▸ INFORMATION SHOWN
• • • • •

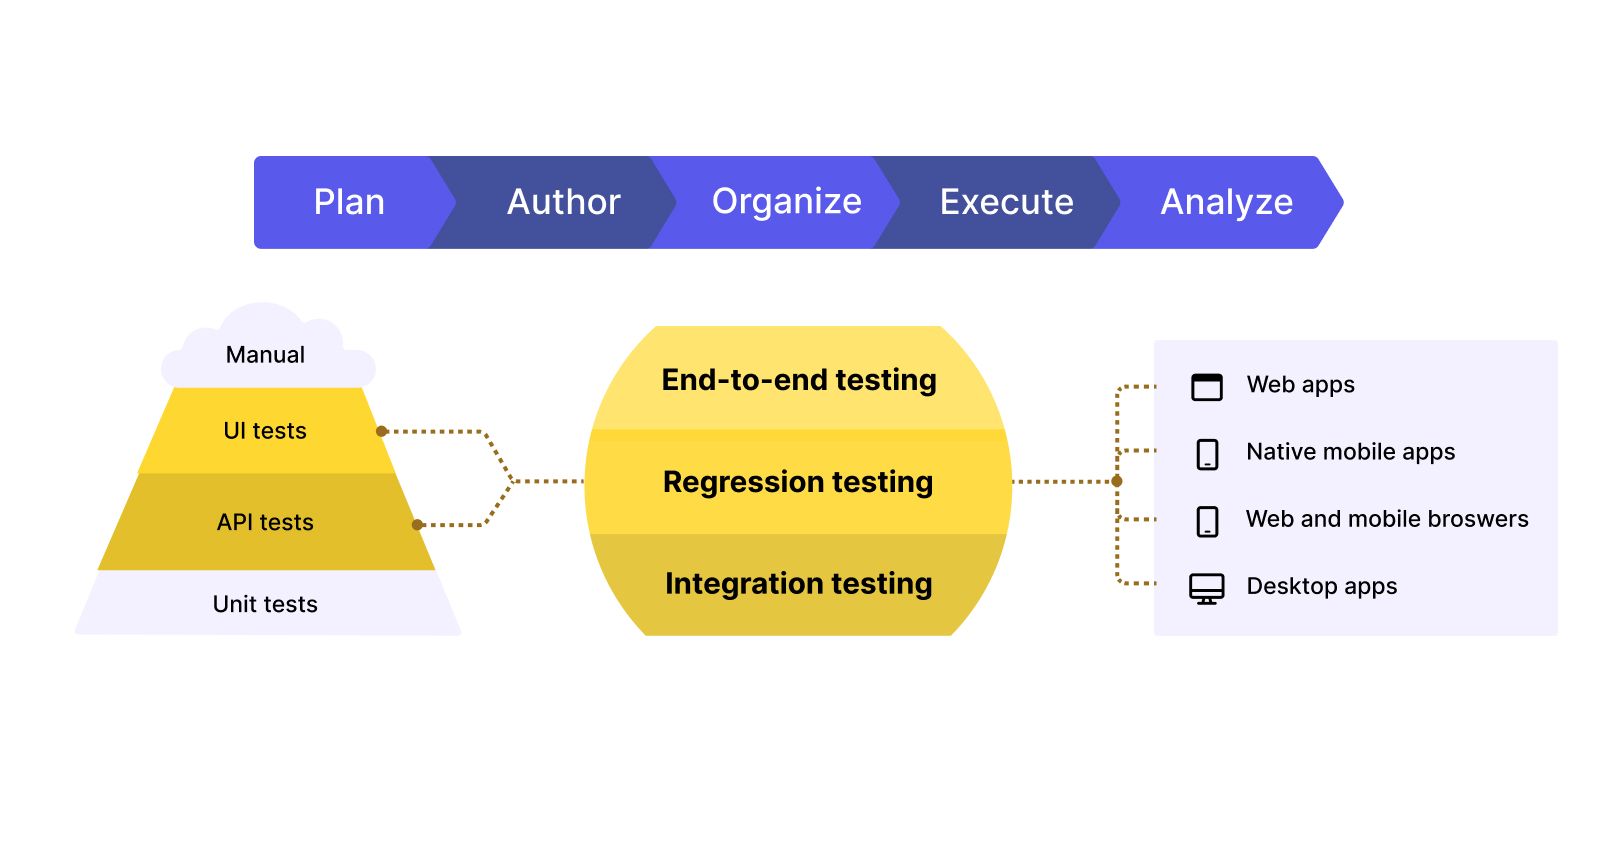 The Katalon Platform's all-in-one automation testing solution
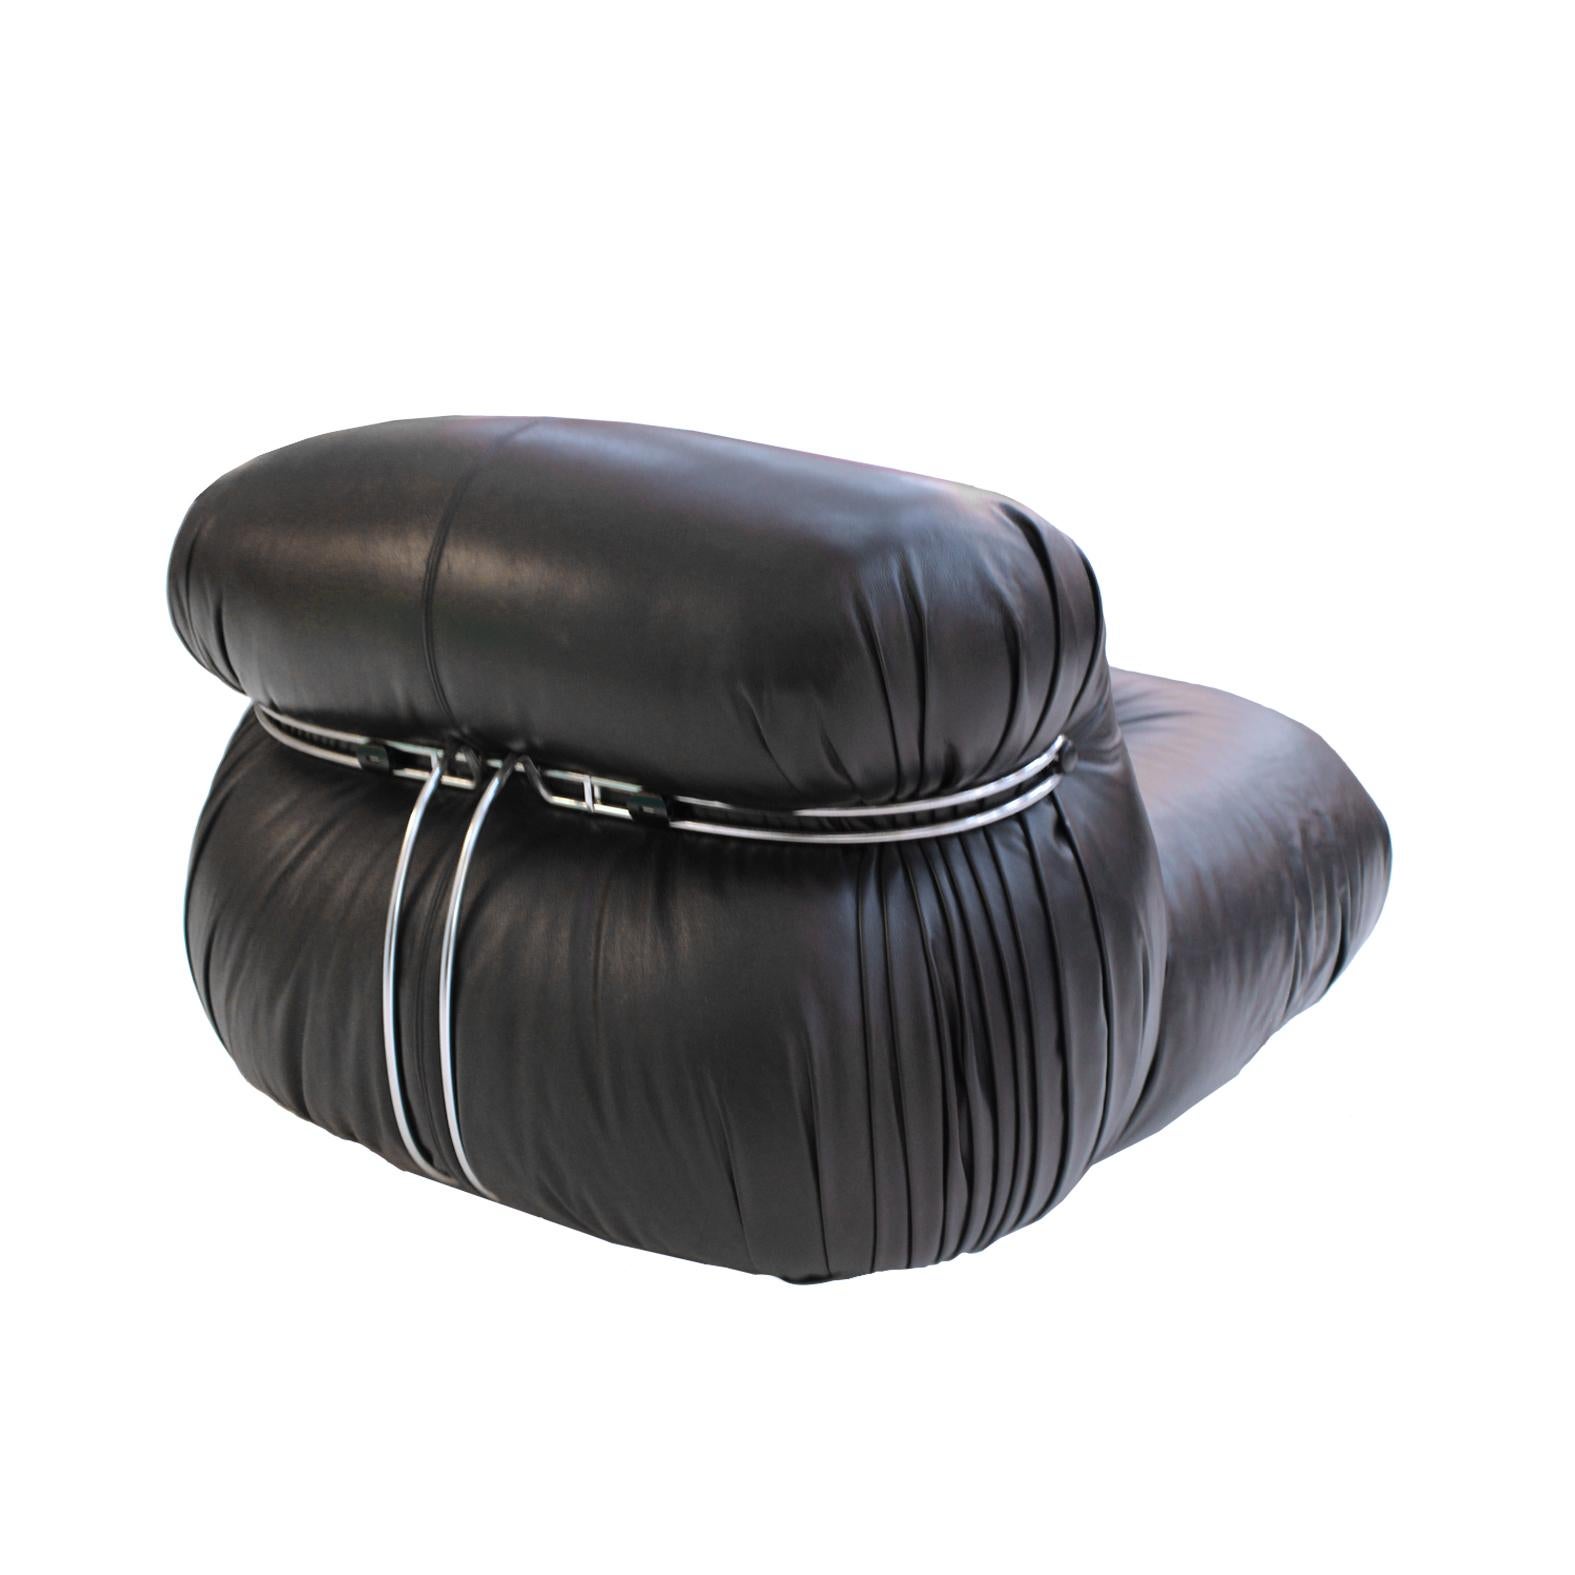 Steel Midcentury Modern Pair of Black Leather Soriana Lounge Chairs by Tobia Scarpa For Sale
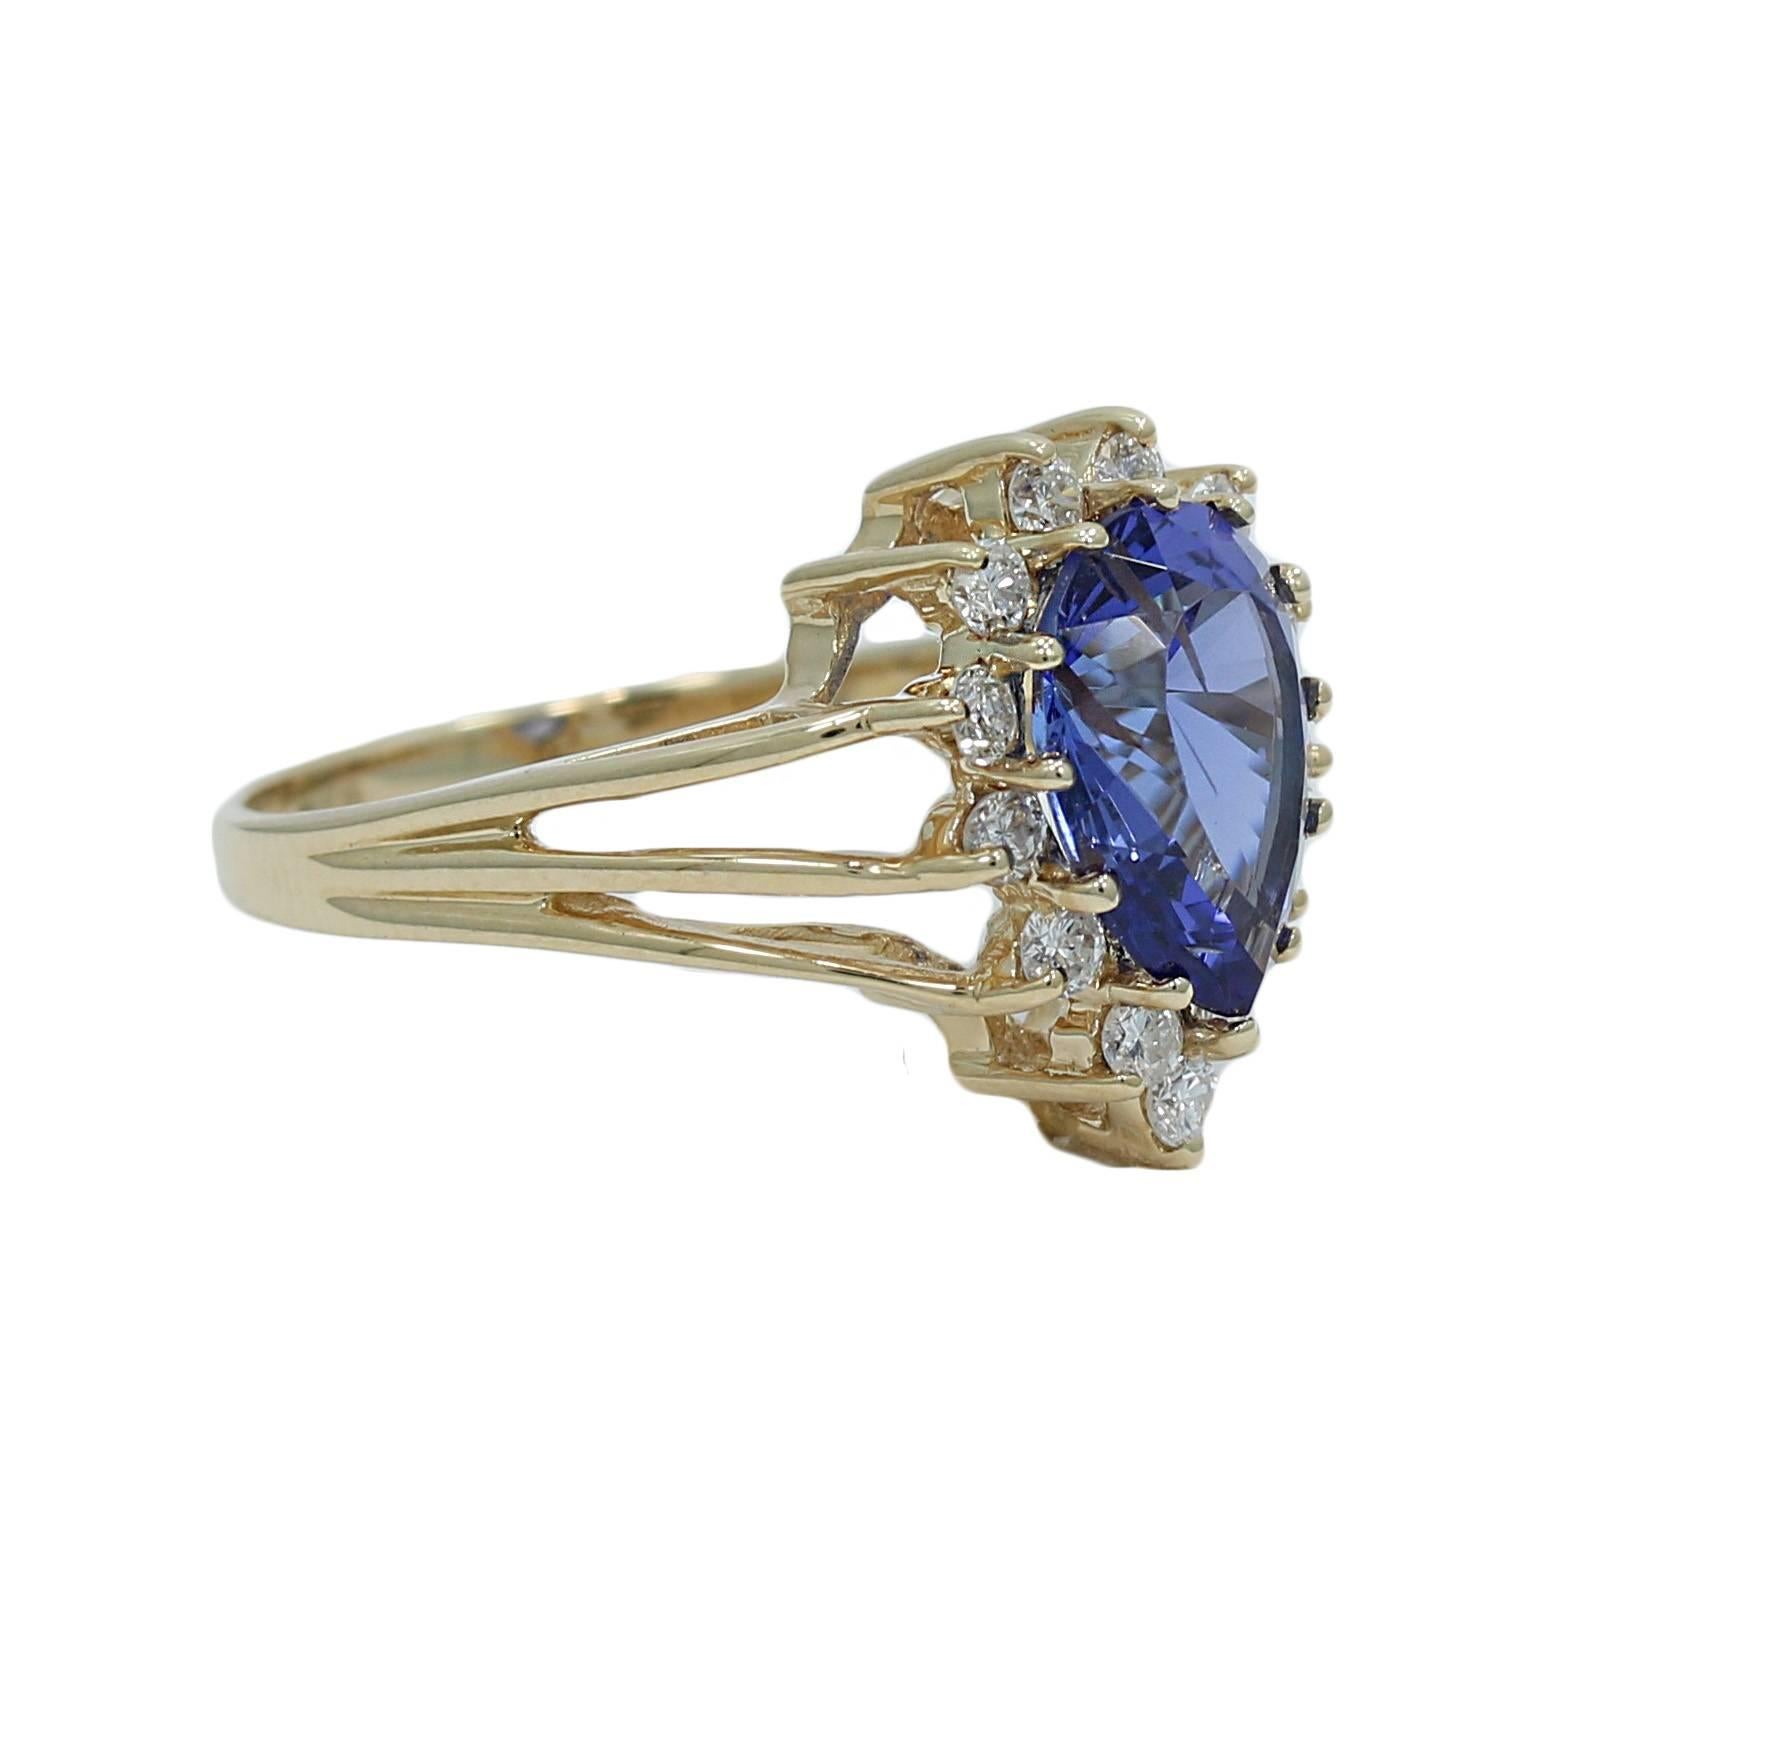 We have this 14k yellow gold pear shaped tanzanite and diamond ring. It has thirteen (13) diamonds H-I, SI-I weighing approximately .45 carats total weight and one (1) pear shaped tanzanite weighing approximately 2.00 carats. It measures 0.625"

• • • • •

▸ PROMPT
Please repeat every line from the listing above exactly as it appears. Drop the pictures.

▸ PROBLEM SOLUTION
 The Katalon Platform's all-in-one automation testing solution
 Steel Midcentury Modern Pair of Black Leather Soriana Lounge Chairs by Tobia Scarpa For Sale
 We have this 14k yellow gold pear shaped tanzanite and diamond ring. It has thirteen (13) diamonds H-I, SI-I weighing approximately .45 carats total weight and one (1) pear shaped tanzanite weighing approximately 2.00 carats. It measures 0.625"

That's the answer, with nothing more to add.